Metal Gear Solid 3 has your standard obstacles to overcome: Controls that can be strange to get used to, many interesting and unique ways to deal with a single situation that aren't always readily apparent, and of course the lovingly crafted stealth mechanics. Joining the list of oddities are new and exciting enemy and boss encounters that are radically different from the previous games. For many of the bosses from previous games, the bosses tend to be right there in front of you and while it might not generally be advise you can usually just walk right on up to them. Many of the encounters in this game require an alternate way of thinking, however. One boss, The End (no, that's his name, not when the fight occurs), the player is dropped into a large jungle arena where you have to try and ferret out the End who's hiding somewhere around the area sniping and taking potshots at Big Boss.

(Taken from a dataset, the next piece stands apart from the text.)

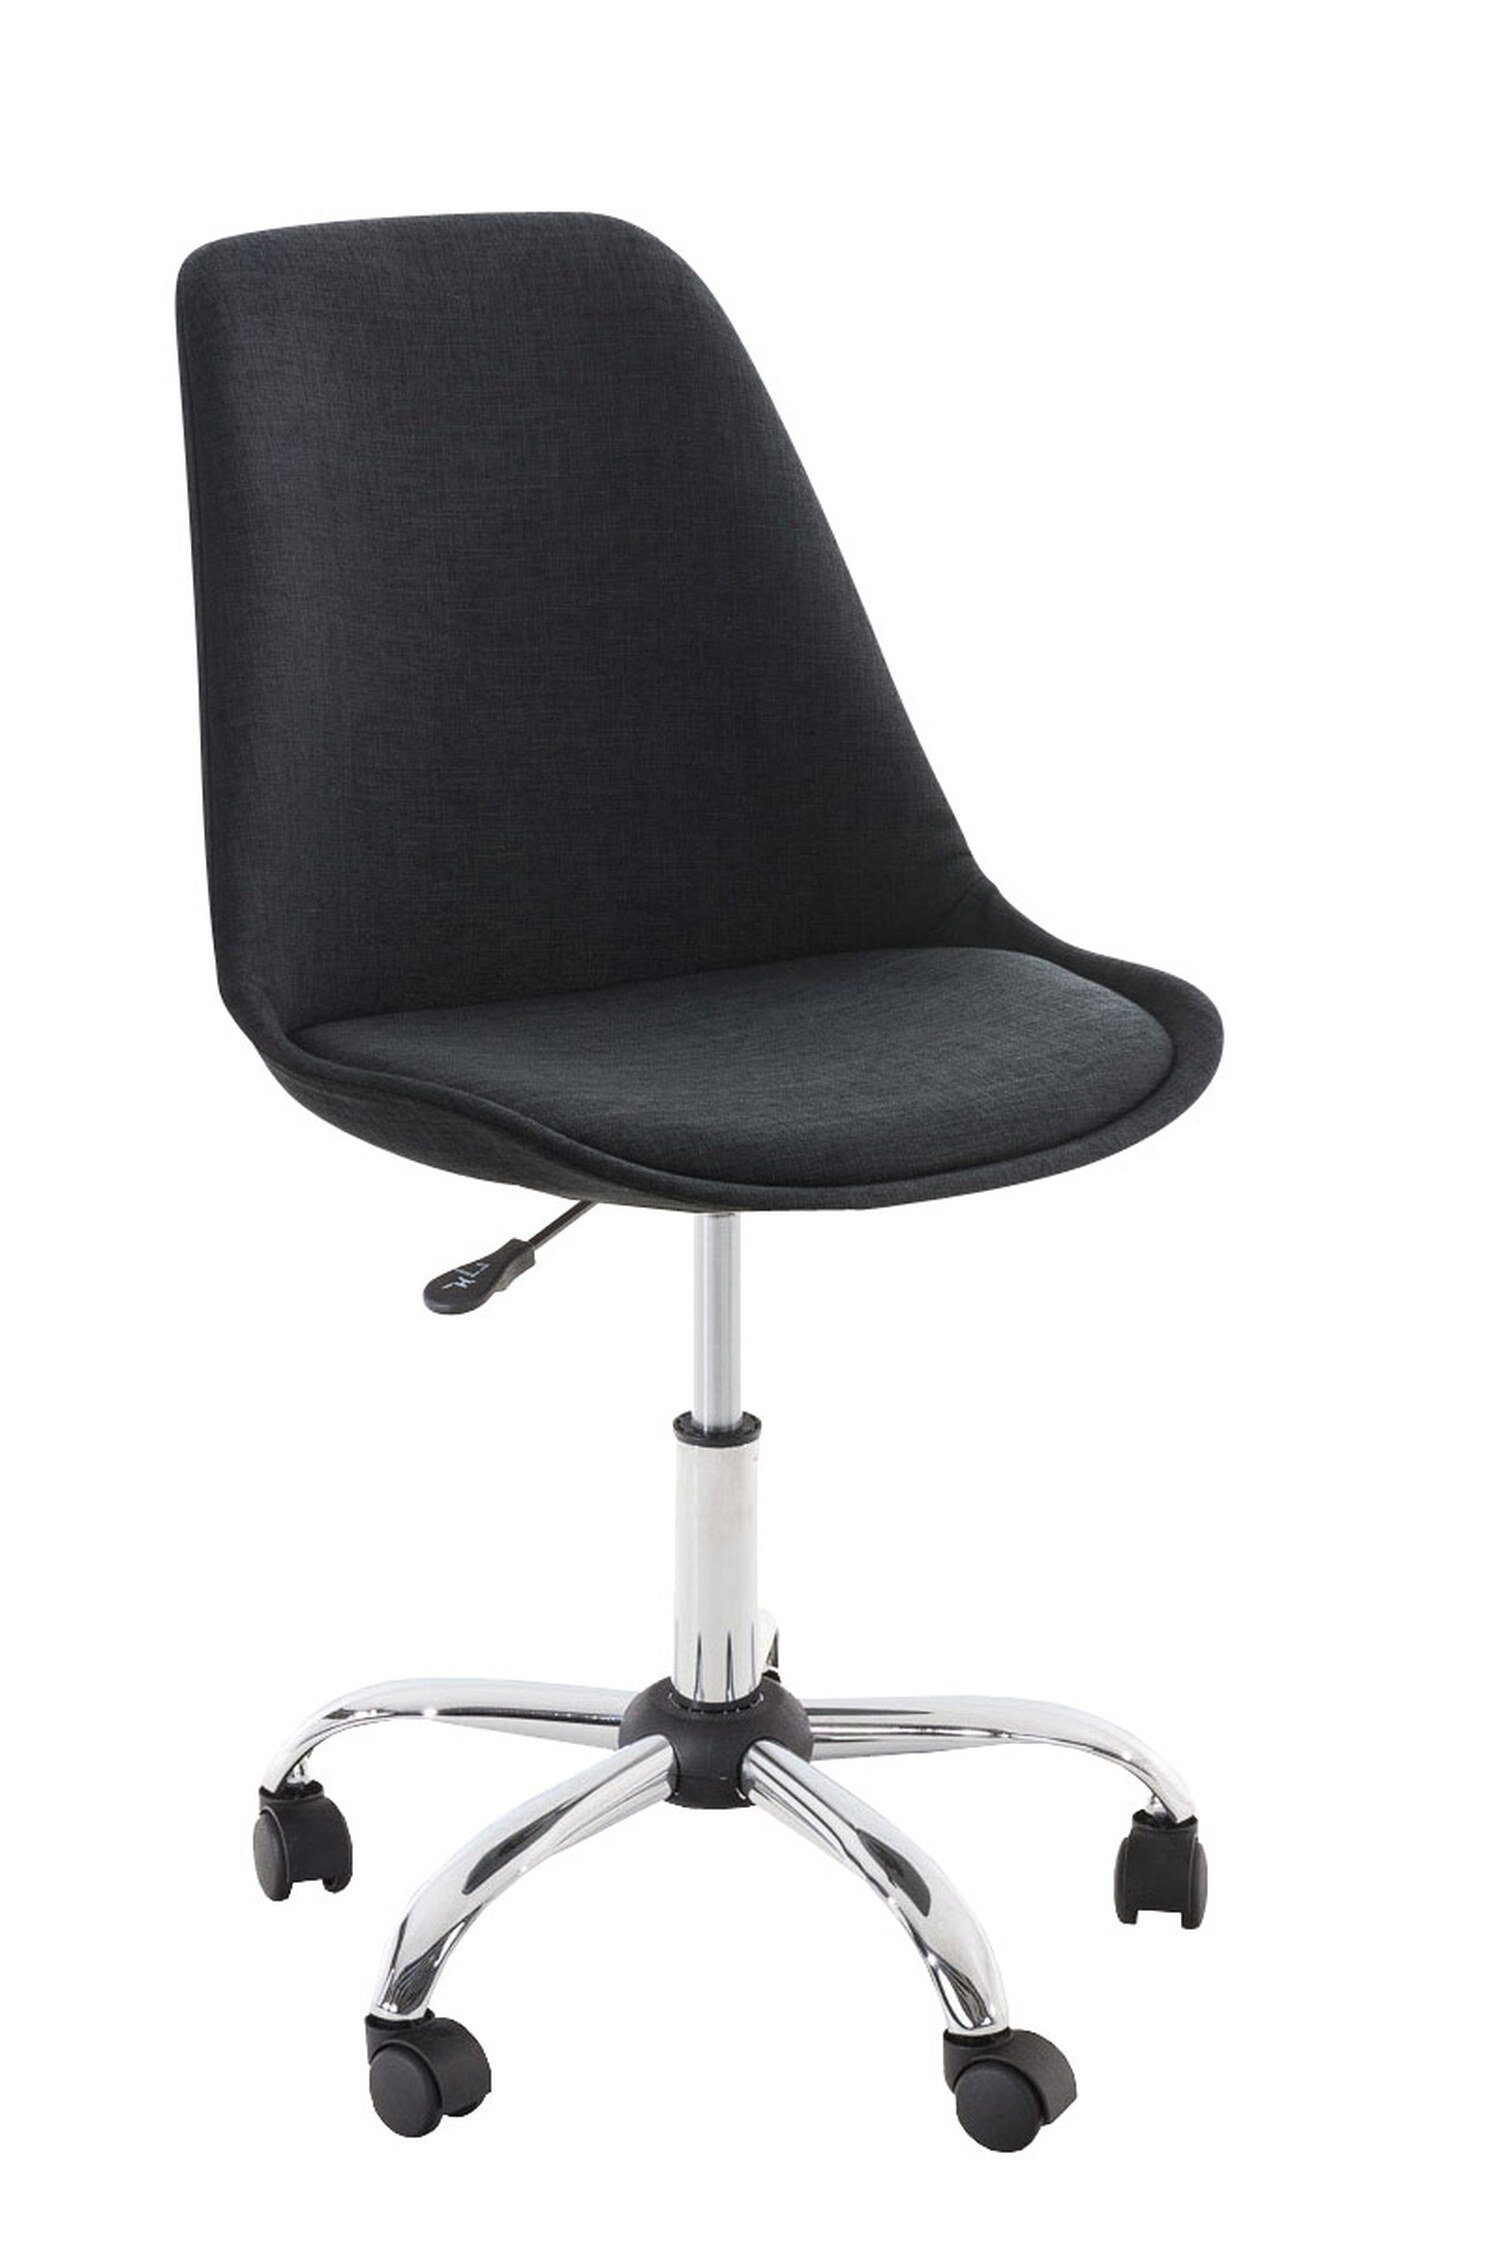 TPFLiving Bürostuhl Pegasus mit bequemer Rückenlehne (Schreibtischstuhl, Drehstuhl, Konferenzstuhl, Chefsessel), Gestell: Metall chrom - Sitzfläche: Stoff schwarz | Drehstühle

I won't spoil it all here, but I'd also recommend doing your best to go through the game non-lethally as well, as there is a specific boss fight that may or may not have something to do directly with Snakes kill streak- And boy was it just FUN when I figured it out after my very first play-through of the game when I was very thorough with the enemy soldiers.

   A new mechanic in the franchise, and a perfect one considering Snake's surrounding, arrives in the form of survival. Snake now has a stamina bar of his own which will slowly grow shorter and shorter the longer he goes without sustanance, which he will have to hunt for if out in the wilderness or scrounge for if he is in or near any form of civilization (by which I of course mean enemy bases and fortifications). It doesn't stop there though- No longer will the player character take a bullet and instantly be ready to go after eating a ration. Now when Snake has been shot, burned, bitten by a snake, or taken a bad fall the player will have to go into a new screen and learn how to effectively deal with these injuries- from applying bandages, ointment and disinfectant to burning off leeches with his signature cigar after wading through stagnant crocodile infested waters of the jungle.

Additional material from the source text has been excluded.